Multiple primary endpoints concerning neuropsychological (working memory, attention, fluid intelligence, and executive function) and behavioural (socio-emotional and attention deficit hyperactivity disorder [ADHD] symptoms) development were assessed at baseline and after intervention. Red blood cell (RBC) ALA status was determined at baseline and 6 months as a measure of compliance. Main analyses were based on intention-to-treat using a linear mixed-effects model. A per-protocol effect of the intervention was analysed using inverse-probability weighting to account for post-randomisation prognostic factors (including adherence) using generalised estimating equations.

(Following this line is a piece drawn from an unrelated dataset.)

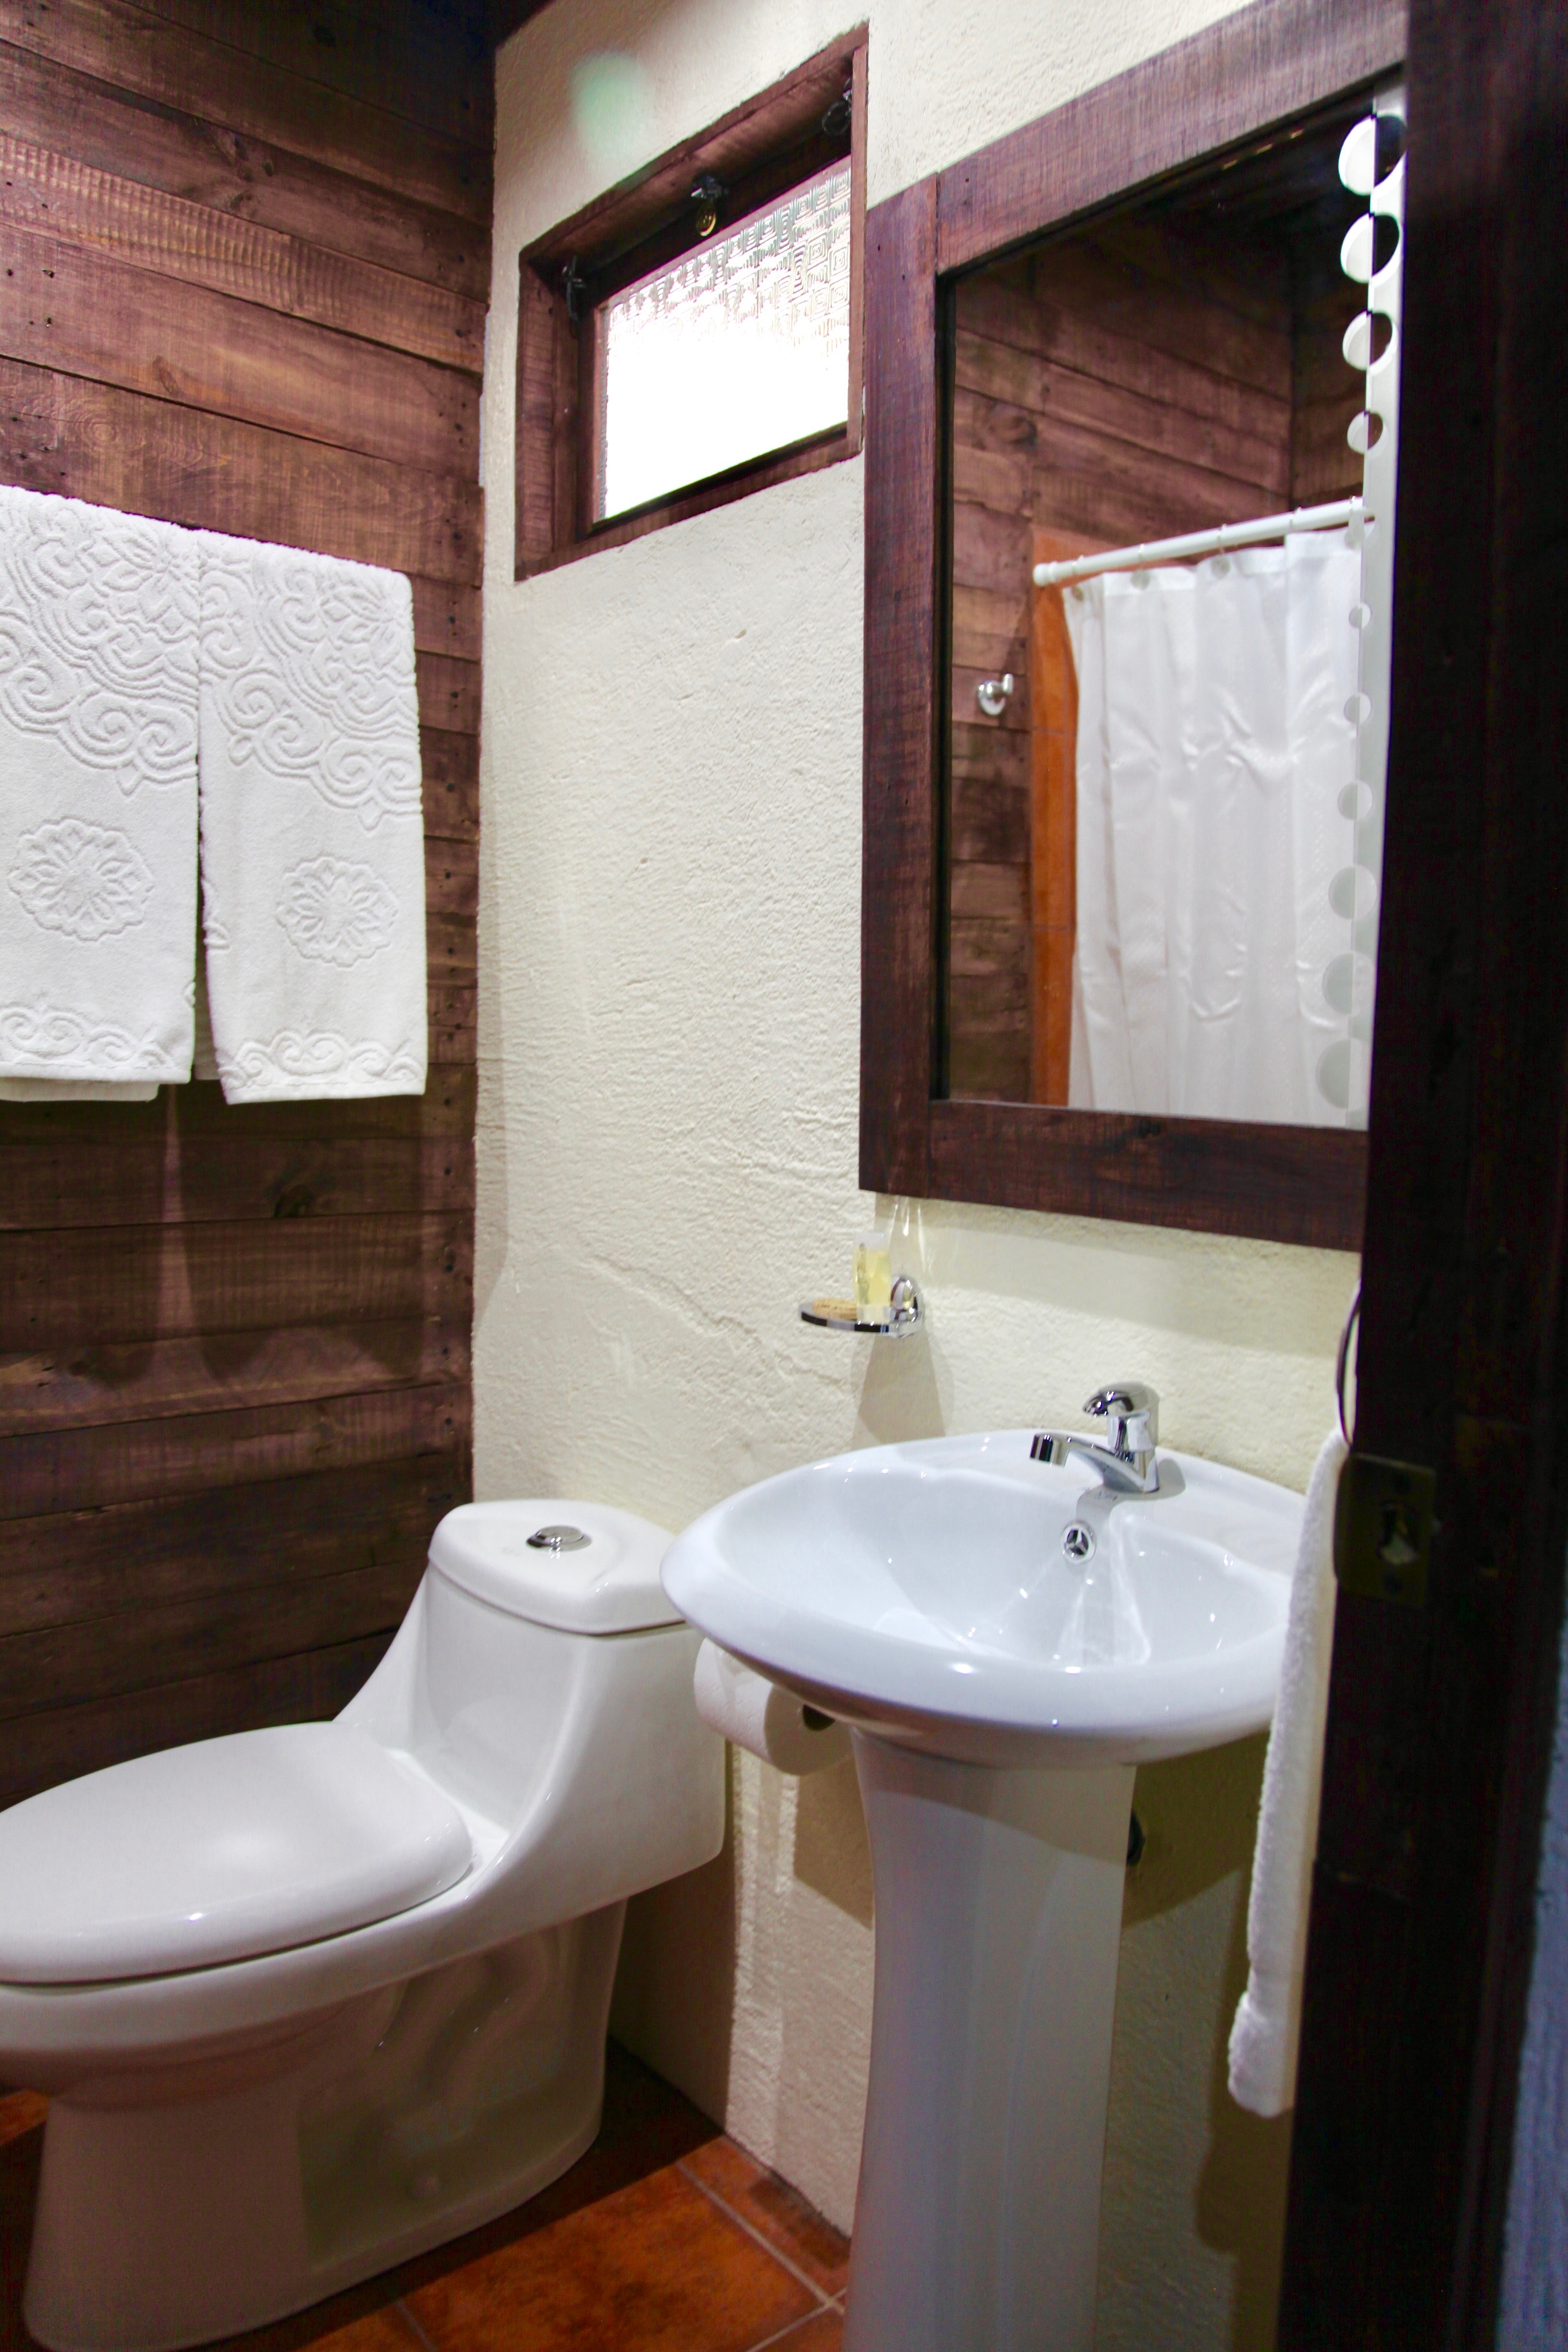 HOSTEL - Hostel Antigueno
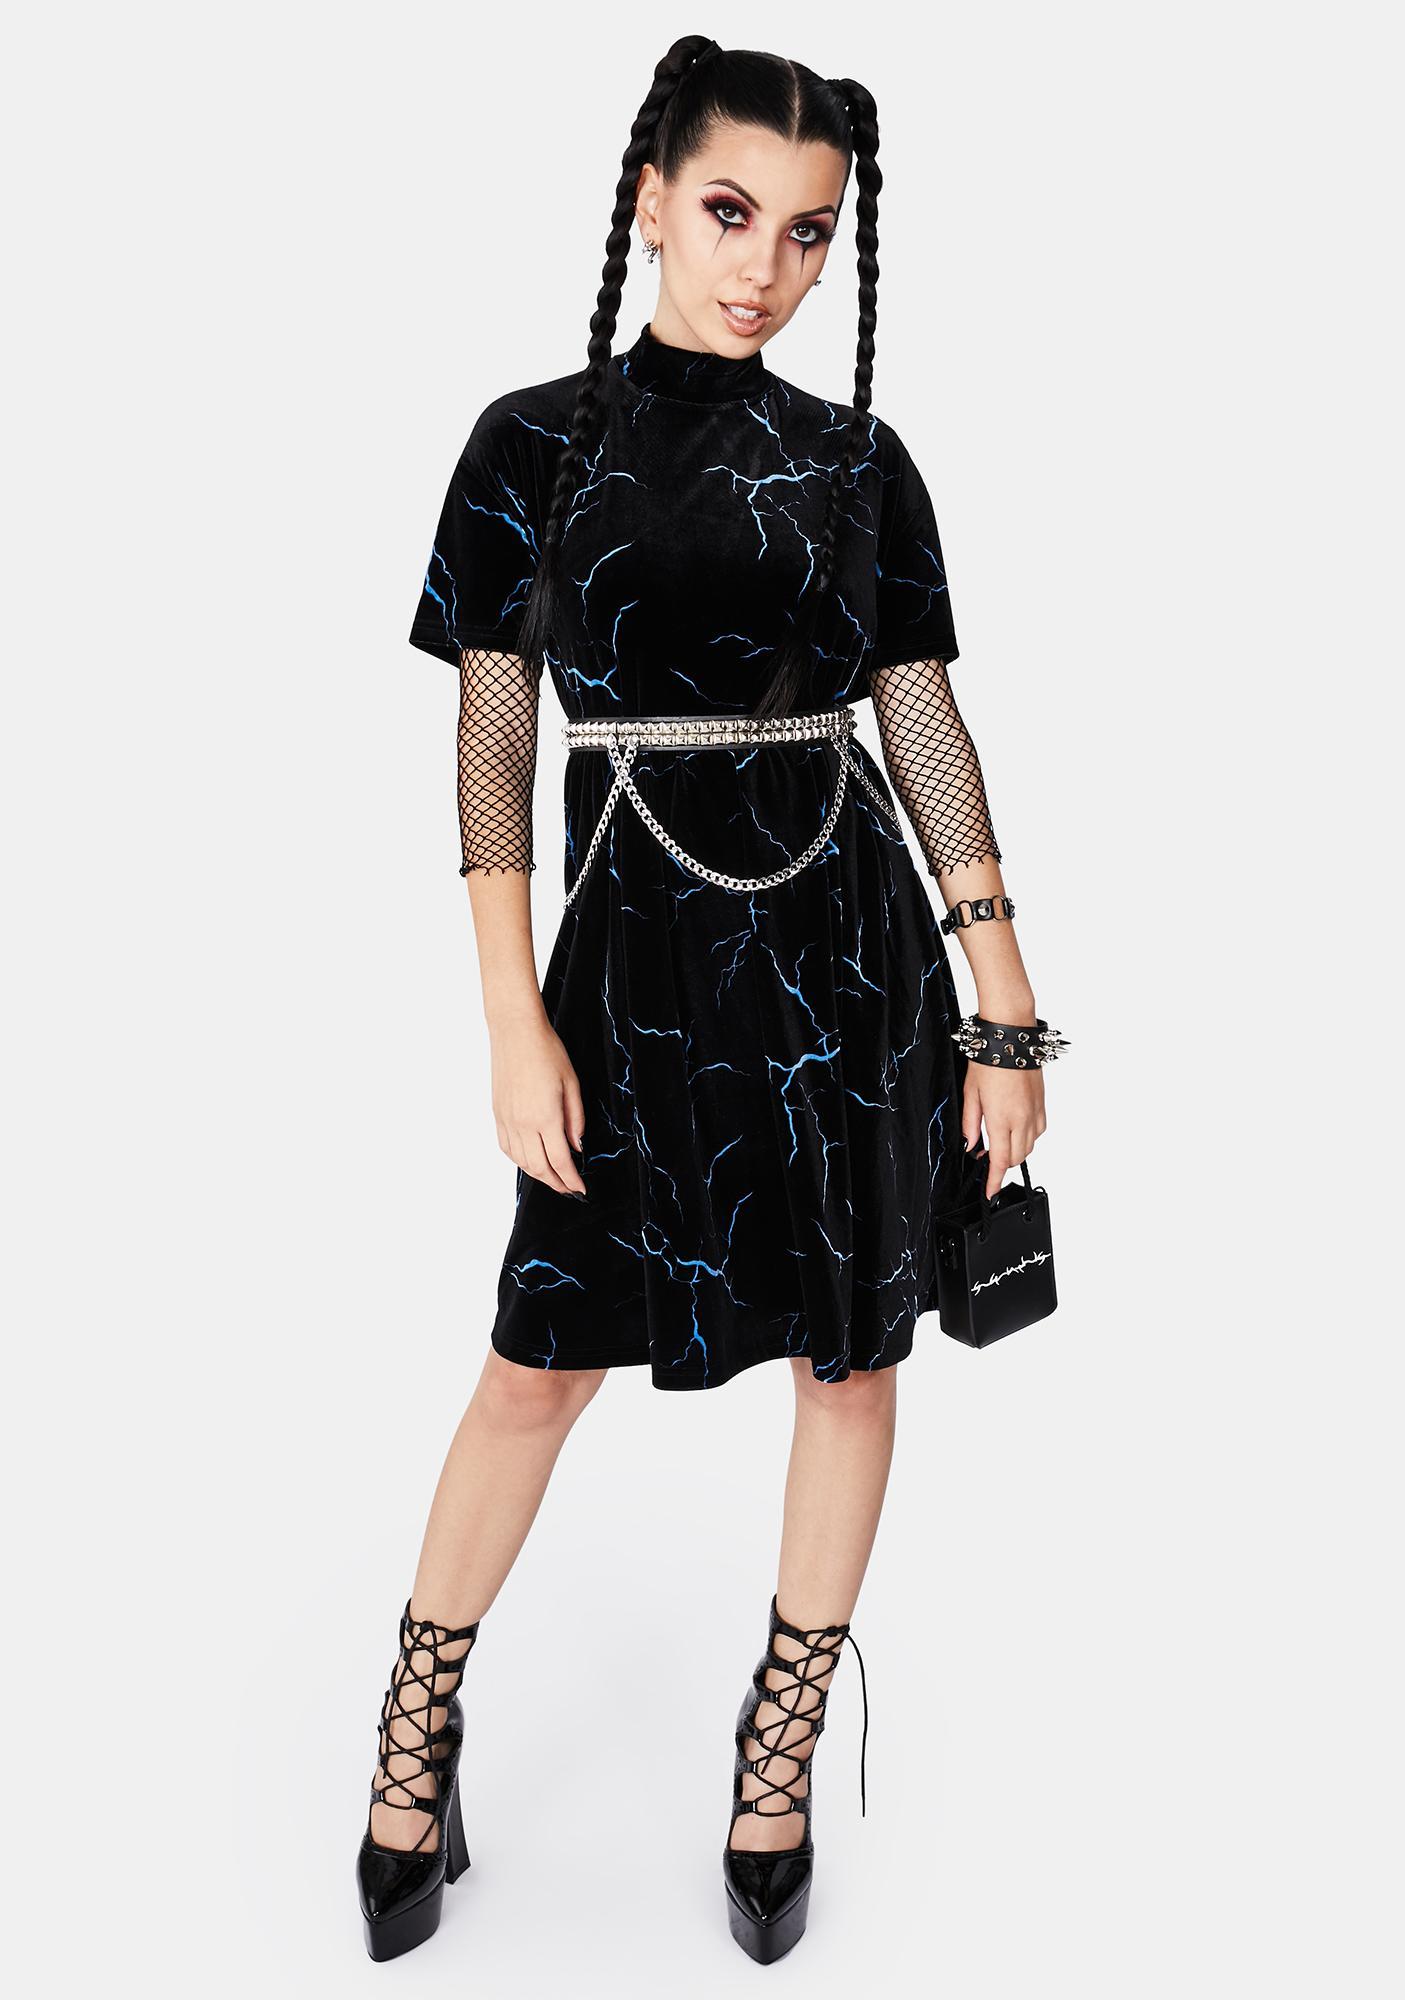 Black Friday Blue Zapped Mini Dress

In intention-to-treat analyses, at 6 months there were no statistically significant changes between the intervention and control groups for all primary endpoints. RBC ALA (%) significantly increased only in the intervention group, coefficient = 0.04 (95% Confidence Interval (CI) = 0.03, 0.06; p < 0.0001). The per-protocol (adherence-adjusted) effect on improvement in attention score (hit reaction time variability) was −11.26 ms (95% CI = −19.92, −2.60; p = 0.011) for the intervention group as compared to the control group, improvement in fluid intelligence score was 1.78 (95% CI = 0.90, 2.67; p < 0.0001), and reduction of ADHD symptom score was −2.18 (95% CI = −3.70, −0.67; p = 0.0050).
Our study suggested that being prescribed eating walnuts for 6 months did not improve the neuropsychological function of healthy adolescents. However, improved sustained attention, fluid intelligence, and ADHD symptoms were observed in participants who better complied with the walnut intervention. This study provides a foundation for further clinical and epidemiological research on the effect of walnuts and ALA on neurodevelopment in adolescents.
This study was supported by Instituto de Salud Carlos III through the projects ‘CP14/00108, PI16/00261, PI21/00266’ (co-funded by European Union Regional Development Fund ‘A way to make Europe’). The California Walnut Commission (CWC) has given support by supplying the walnuts for free for the Walnuts Smart Snack Dietary Intervention Trial.